Our team programs in python 3.0 and have never used vision for either of the two competitions we’ve been in. This year we are attempting vision (given the significant ranking point incentive from Auto-Quest). I have been experimenting writing scripts for haar cascades (mine is training at the moment - stage 8) using OpenCV. I was wondering how this could be implemented on the robot and if any teams have experience with this kind of object detection in the past. We were considering running it via rasbian on the robot. What kind of camera would be best? Is speed an issue with this? Should I turn down saturation in OpenCV or value or some other attribute? Advice would be appreciated
I’m not an expert, but…
My very limited experience with Haar cascades is that they aren’t very useful in FIRST. In the off season after Stronghold, I tried to train a Haar cascade to recognize the balls from that season. Grey things about the size of a kickball. After generating the data sets and doing the training, it didn’t work worth a hoot.

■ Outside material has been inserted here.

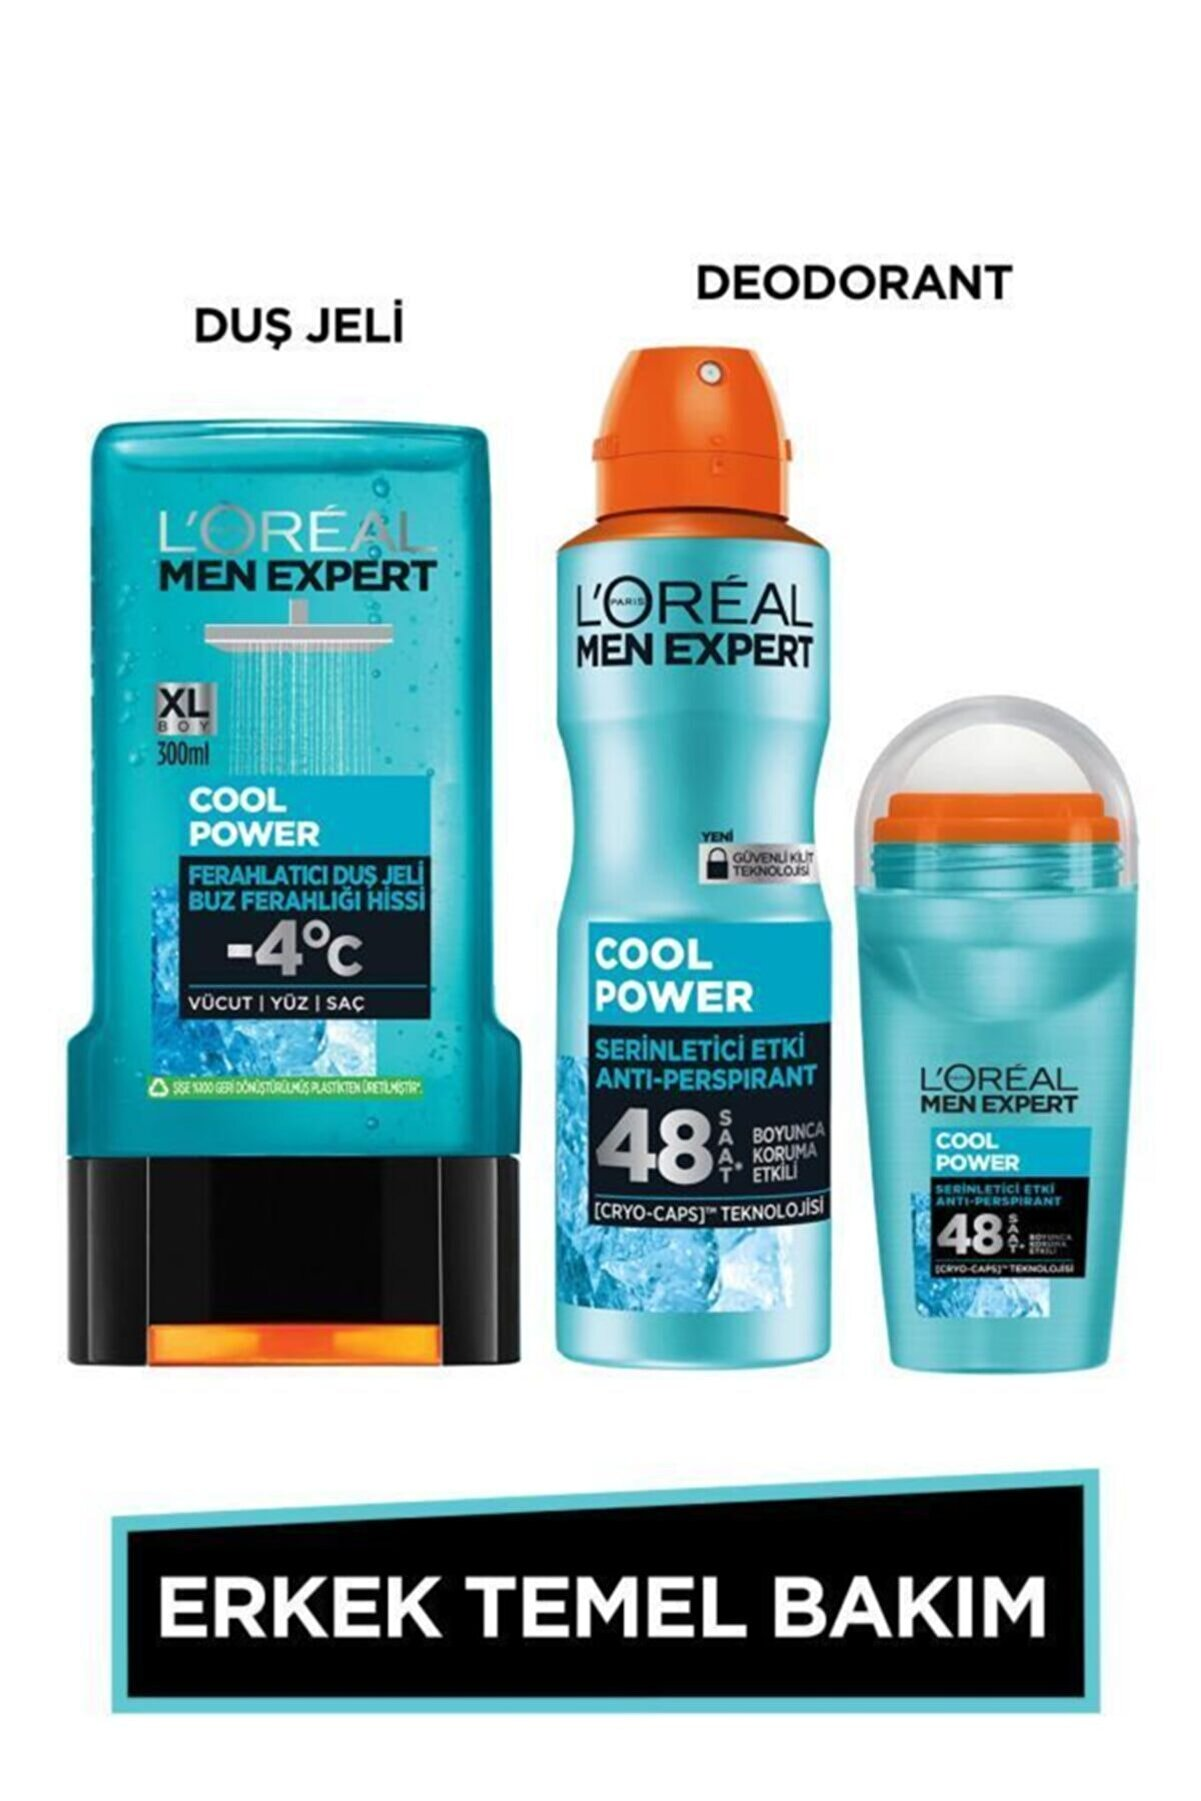 L'Oreal Paris Men Expert Erkek Temel Bakım Seti Cool Power Ferahlatıcı Duş Jeli 300ml + Cool Power Deodorant + Roll on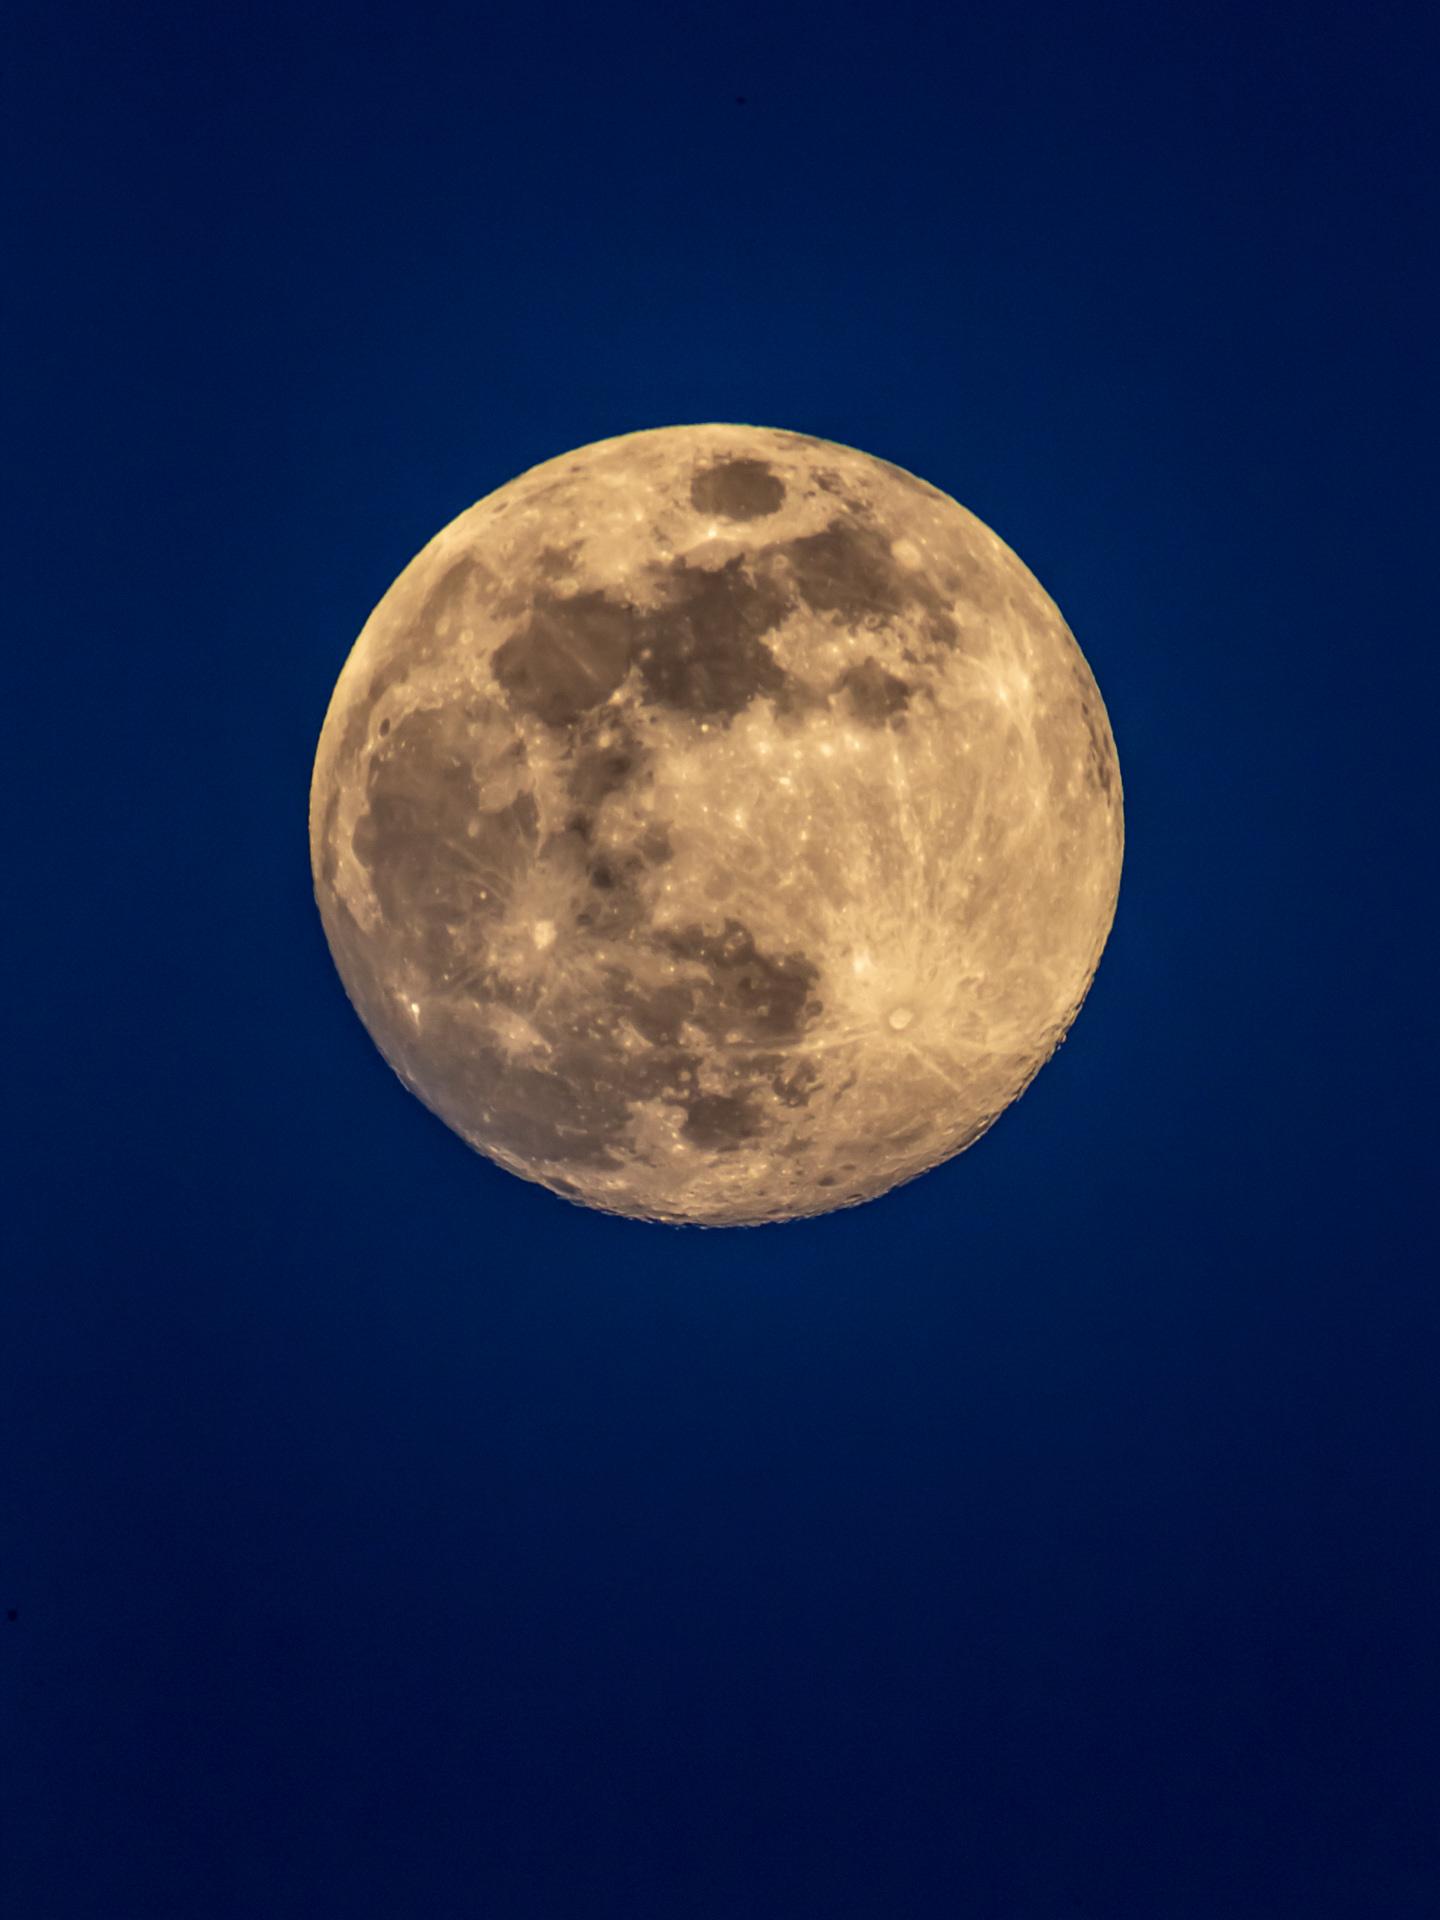 Full Moon | 20190517 2016 E:38.96x77.00@84m

I looked into them a little bit, and noticed that most of the demos were about face recognition. I then looked a little bit into the actual recognizers, and saw that they were particularly well suited for some pretty structured objects, with particular patterns, but slight variations on those patterns. i.e. two eyes and a nose, but with eyes at different widths. For regular geometric objects, like balls, cubes, and lines, they didn’t work as well.
I had encountered something similar way back in my college days at the University of Illinois in the mid '80s. I was into neural nets, and as a TA, gave a design to some undergrads for a neural net processor, based on material from a paper I had read (Something called WISARD, by some guy named Aleksandr), which could recognize faces. It worked awesomely, and wowed people who saw it, but it couldn’t do anything except faces. (And it couldn’t do many faces, but for the mid '80s, it was pretty darned impressive as a demo.)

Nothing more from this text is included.